Dans un français plus compréhensible : 

PHEDRE.
Las! Nourrice, il est vrai: mais je n’y puis que faire.
Je me travaille assez pour me cuider distraire
De ce gluant Amour, mais toujours l’obstiné
Se colle plus étroit à mon cœur butiné . (730)
Je ne saurais sortir libre de son cordage ,
Ma chaste raison cède à sa forçante rage:
Tant il peut dessus nous quand une fois son trait
Nous a troublé le sang de quelque beau portrait.
J’ai toujours un combat de ces deux adversaires, (735)
Qui s’entrevont heurtant de puissances contraires.
Ores celui-là gagne, et ore celui-ci,
Celui-ci perd après, celui-là perd aussi:
Maintenant la raison a la force plus grande,
Maintenant la fureur plus forte me commande: (740)
Mais toujours à la fin Amour est le vainqueur,
Qui paisible du camp s’empare de mon coeur.
Ainsi voit-on souvent une nef passagère
Au milieu de la mer, quand elle se colère,
Ne pouvoir aborder, tant un contraire vent (745)
Seigneuriant les flots la bat par le devant.
Les nochers éperdus ont beau caler les voiles,
Ont beau courir au mât, le désarmer de toiles,
Ont beau coucher la rame, et de tout leur effort
Tâcher malgré le vent de se traîner au port, (750)
Leur labeur n’y fait rien: la mugissante haleine
Du Nord qui les repousse, anéantit leur peine.

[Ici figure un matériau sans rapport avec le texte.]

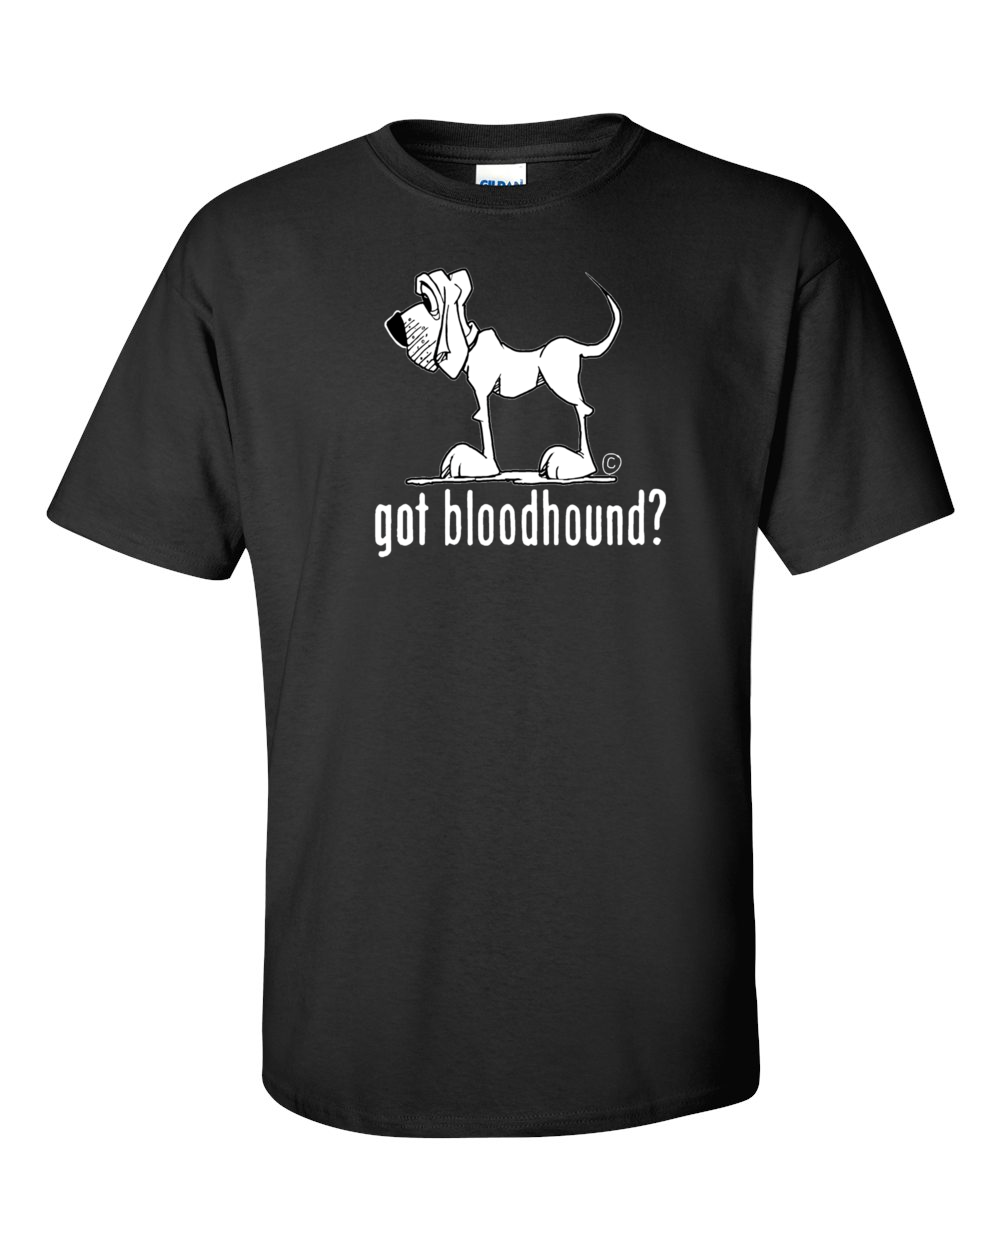 Shirt Designs The Bloodhound Shop

La nef court élancée, ou contre quelque banc,
Ainsi cette fureur violente s’oppose (755)
A ce que la raison salutaire propose,
Et sous ce petit Dieu tyrannise mon coeur.
C’est ce Dieu qui des Dieux et des hommes vainqueur
Exerce son empire au ciel comme en la terre:
Qui ne craint point de faire à Jupiter la guerre, (760)
Qui dompte le dieu Mars, ores qu’il soit d’armet,
De gréve et de cuirasse armé jusqu’au sommet:
Qui le dieu forgeron brûle dans la poitrine
Au milieu de sa forge, où le foudre il affine:
Le pauvre Dieu Vulcain, qui tout étincelant (765)
Aux fourneaux ensouffrez travaille martelant,
Qui toujours a le front penché dans la fournaise,
Qui à bras découverts va pincetant la braise,
Sans qu’il soit offensé de la force du feu,
De ces tisons d’Amour se défendre n’a peu. (770)
Il brûle en l’estomac, et tout sueux s’étonne
Qu’en lui qui n’est que feu, cet autre feu s’entonne.